## DIRECTIONS FOR THIS TASK
Each record, minus any picture, should be returned exactly as written.

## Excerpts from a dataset
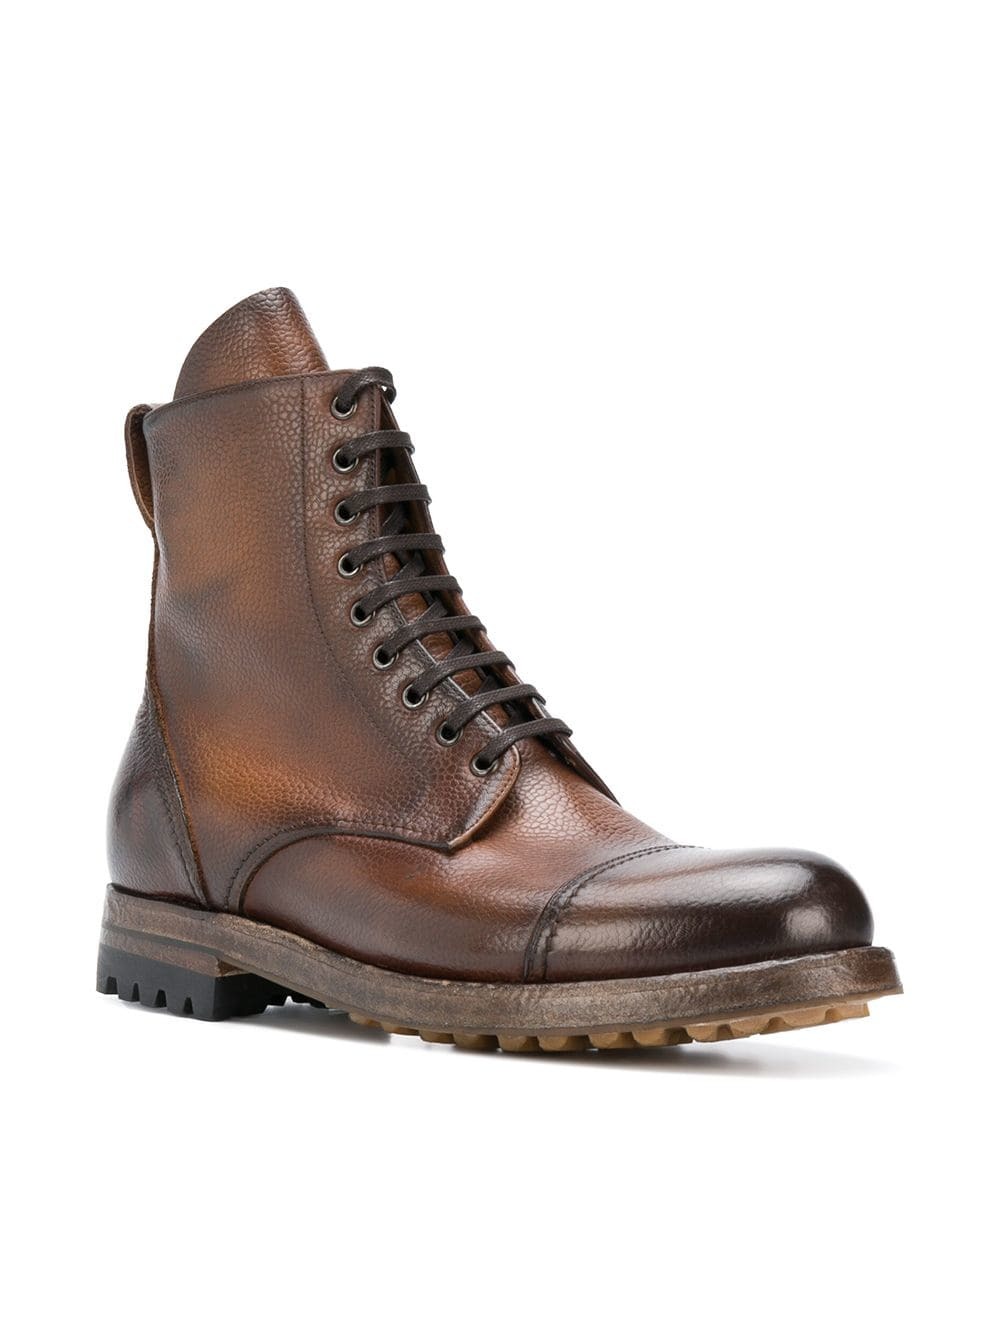 Silvano Sassetti Aged Effect Boots, $586 | farfetch.com | Lookastic
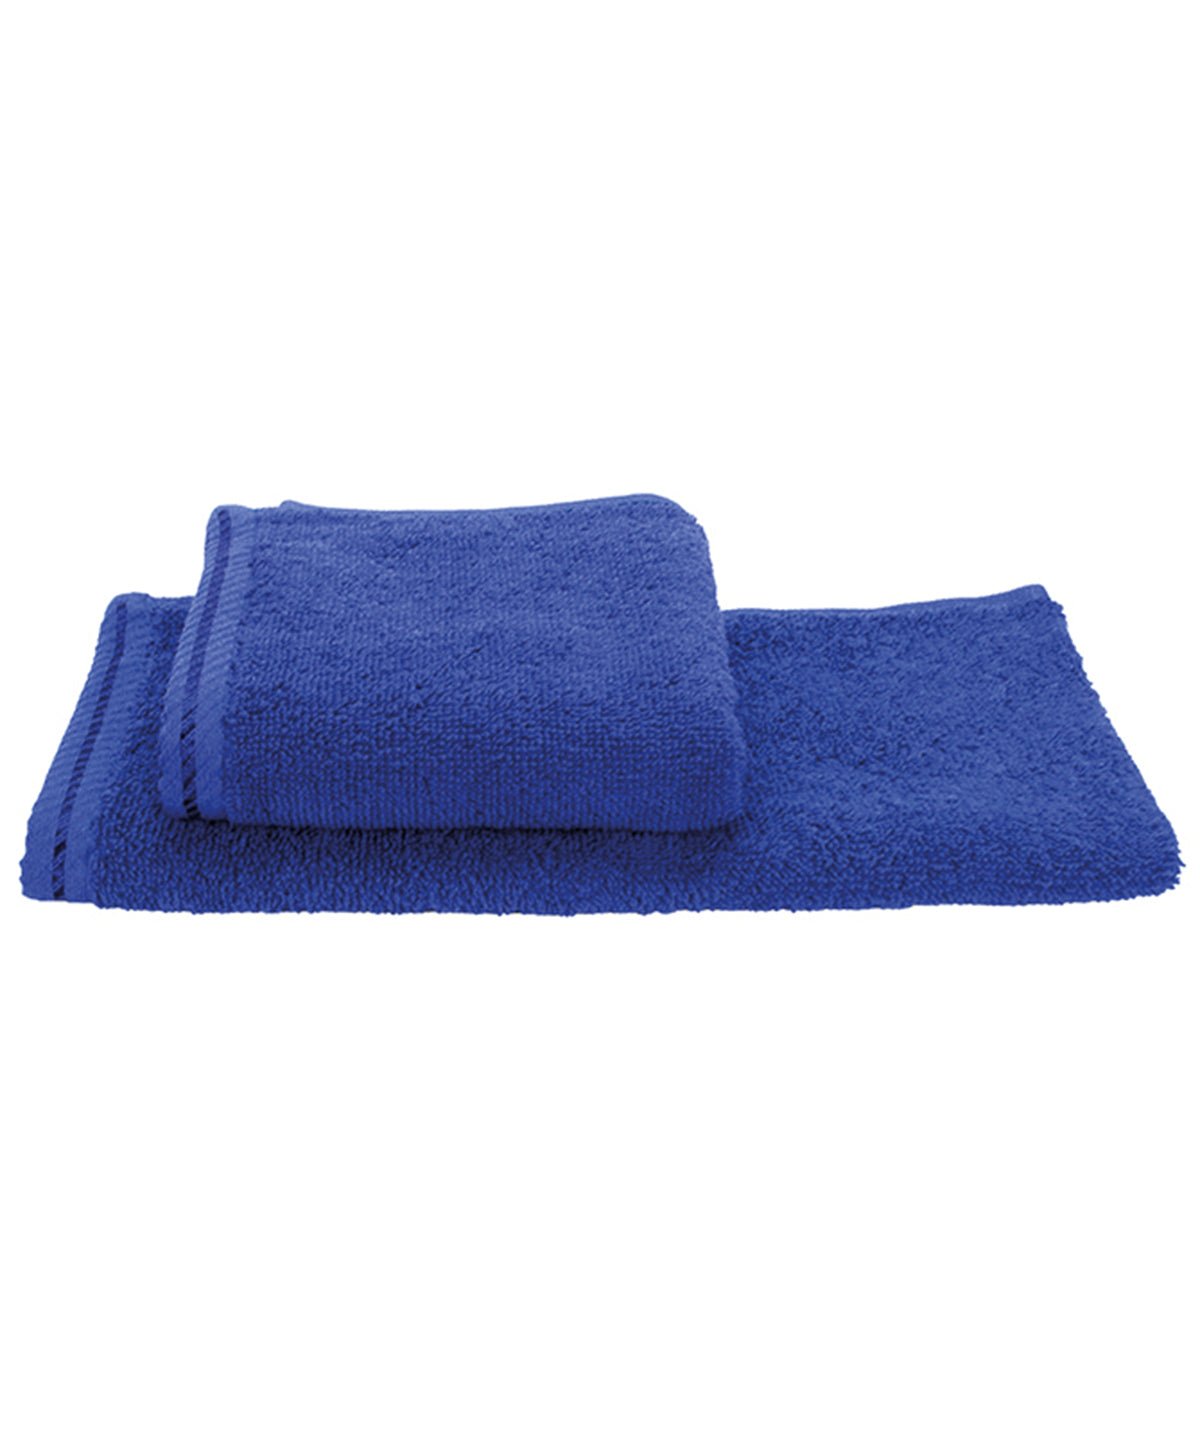 Personalised Towels - Mid Blue A&R Towels ARTG® Guest towel
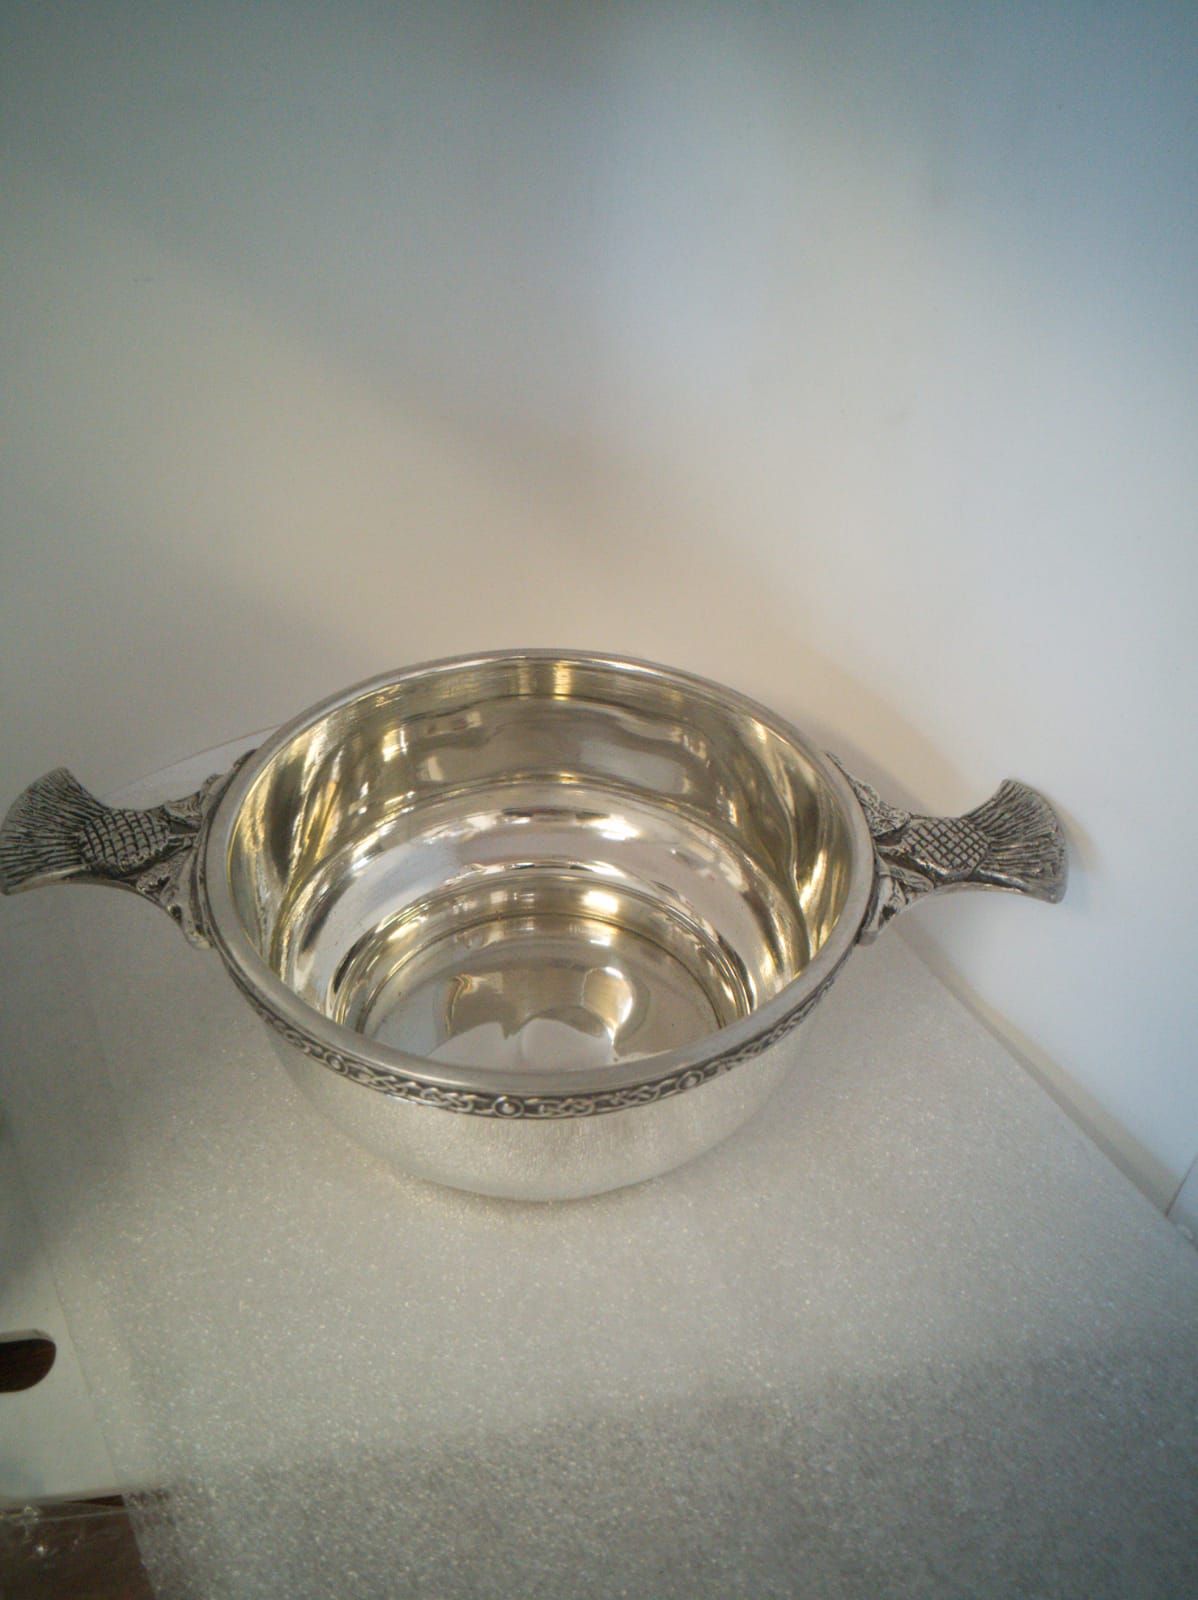 QB002 pewter celtic quaich bowl with thistle handle
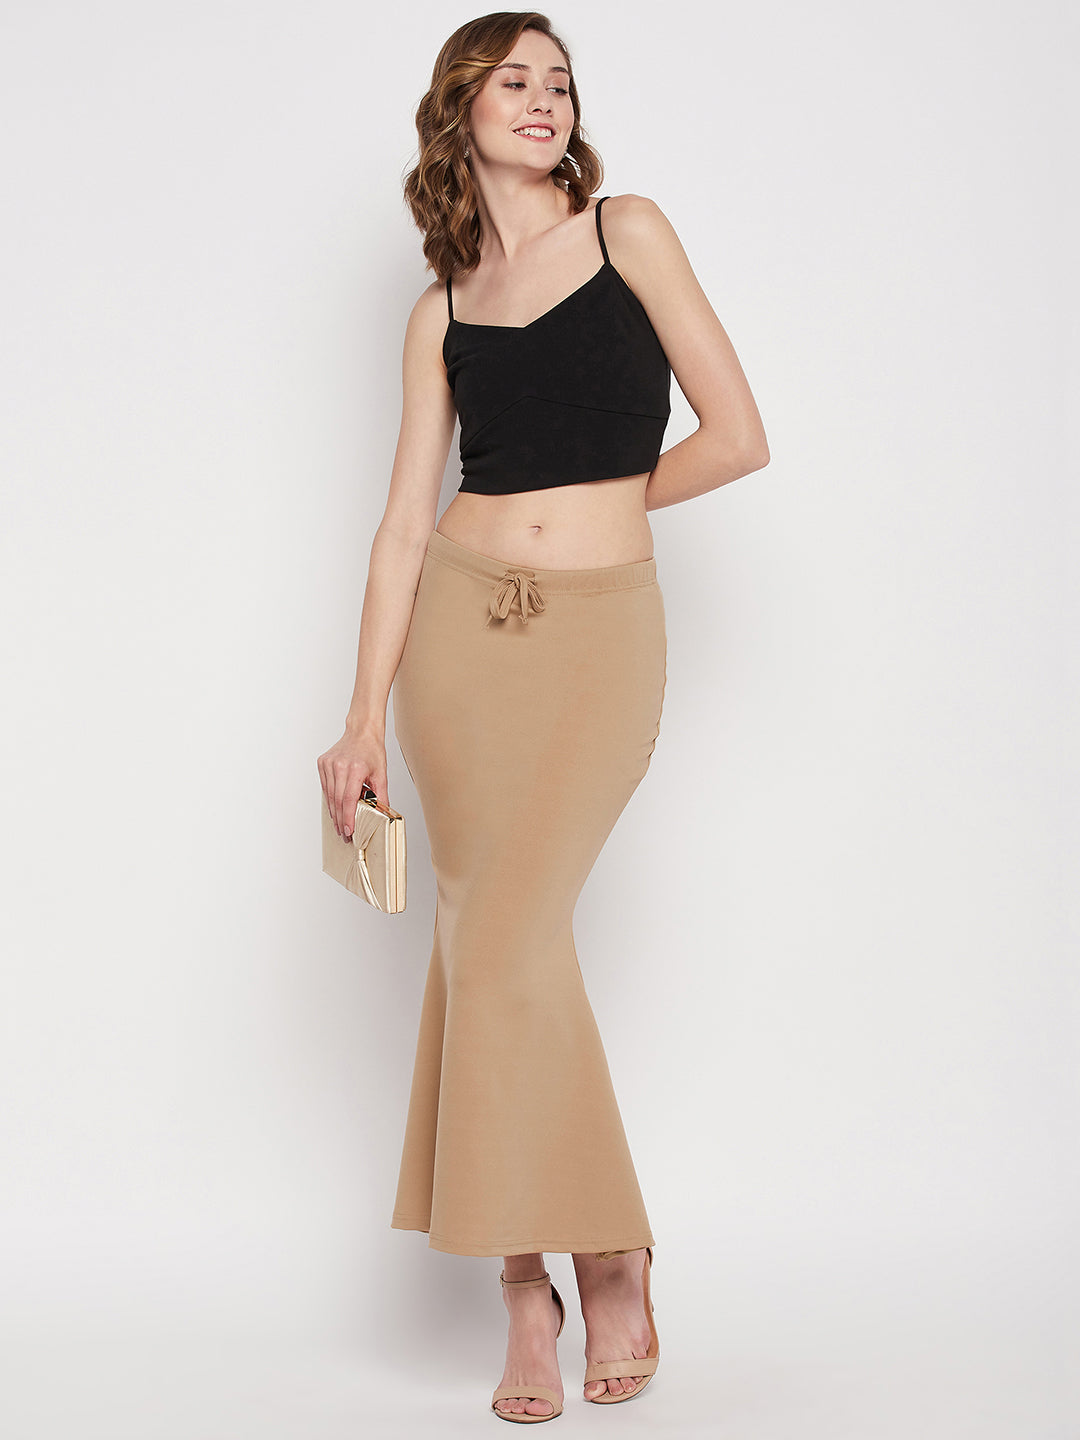  Lycra Saree Shapewear Petticoat For Women, Cotton
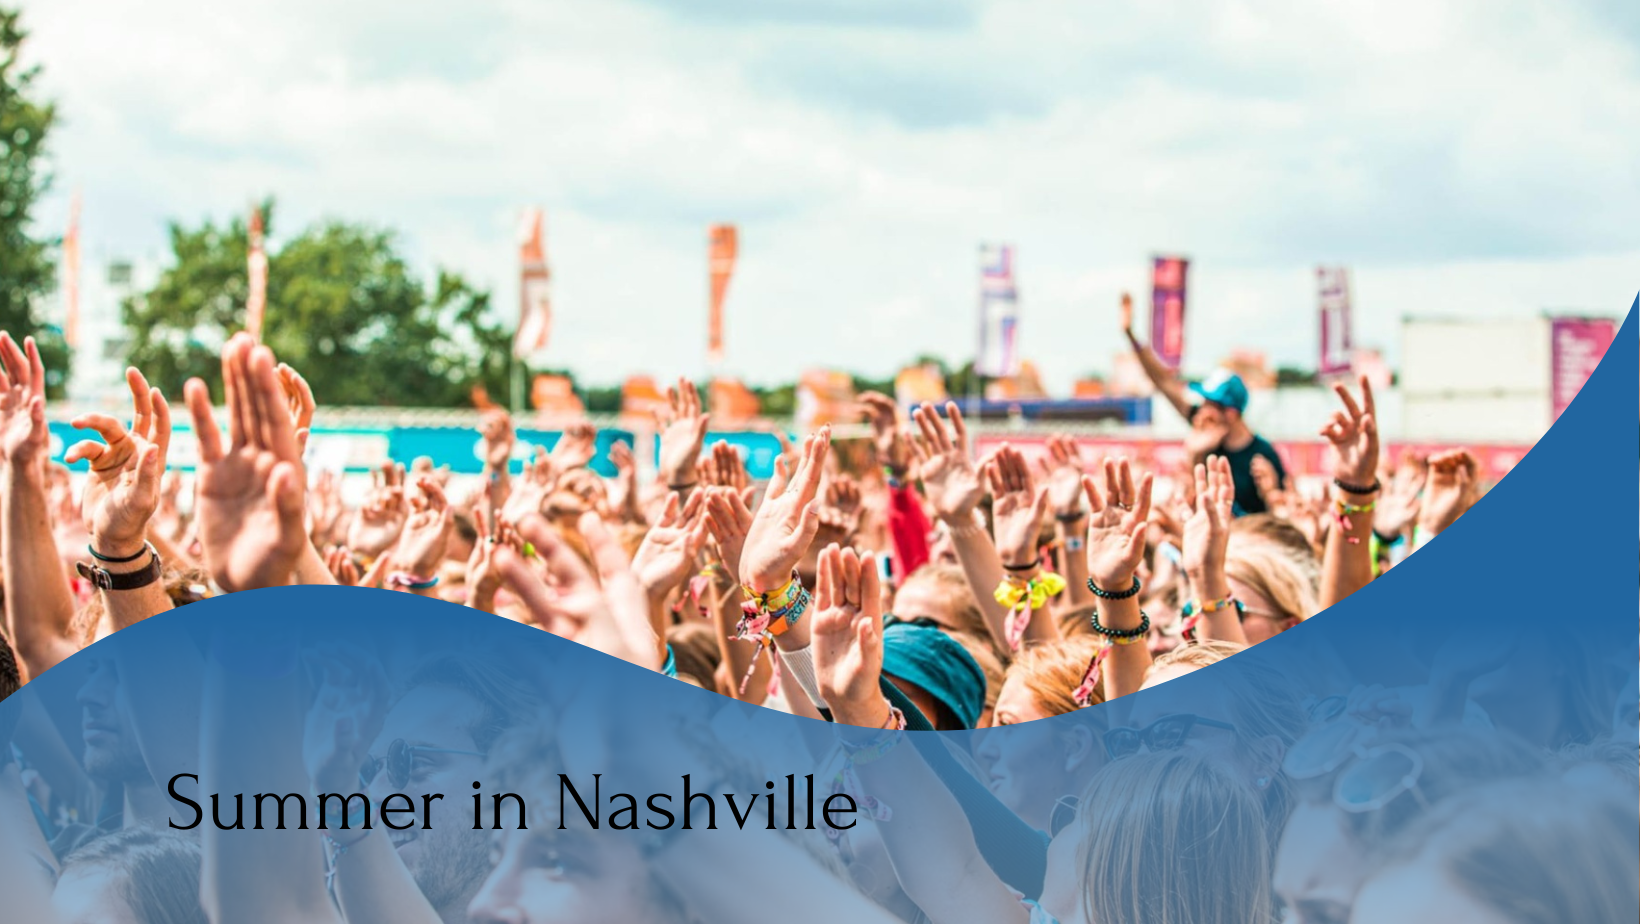 A flock of people raising hands enjoying summer festival and a written text of "Summer in Nashville".

## RESPONSE AREA
 Silvano Sassetti Aged Effect Boots, $586 | farfetch.com | Lookastic
 Personalised Towels - Mid Blue A&R Towels ARTG® Guest towel
 QB002 pewter celtic quaich bowl with thistle handle
  Lycra Saree Shapewear Petticoat For Women, Cotton
 A flock of people raising hands enjoying summer festival and a written text of "Summer in Nashville".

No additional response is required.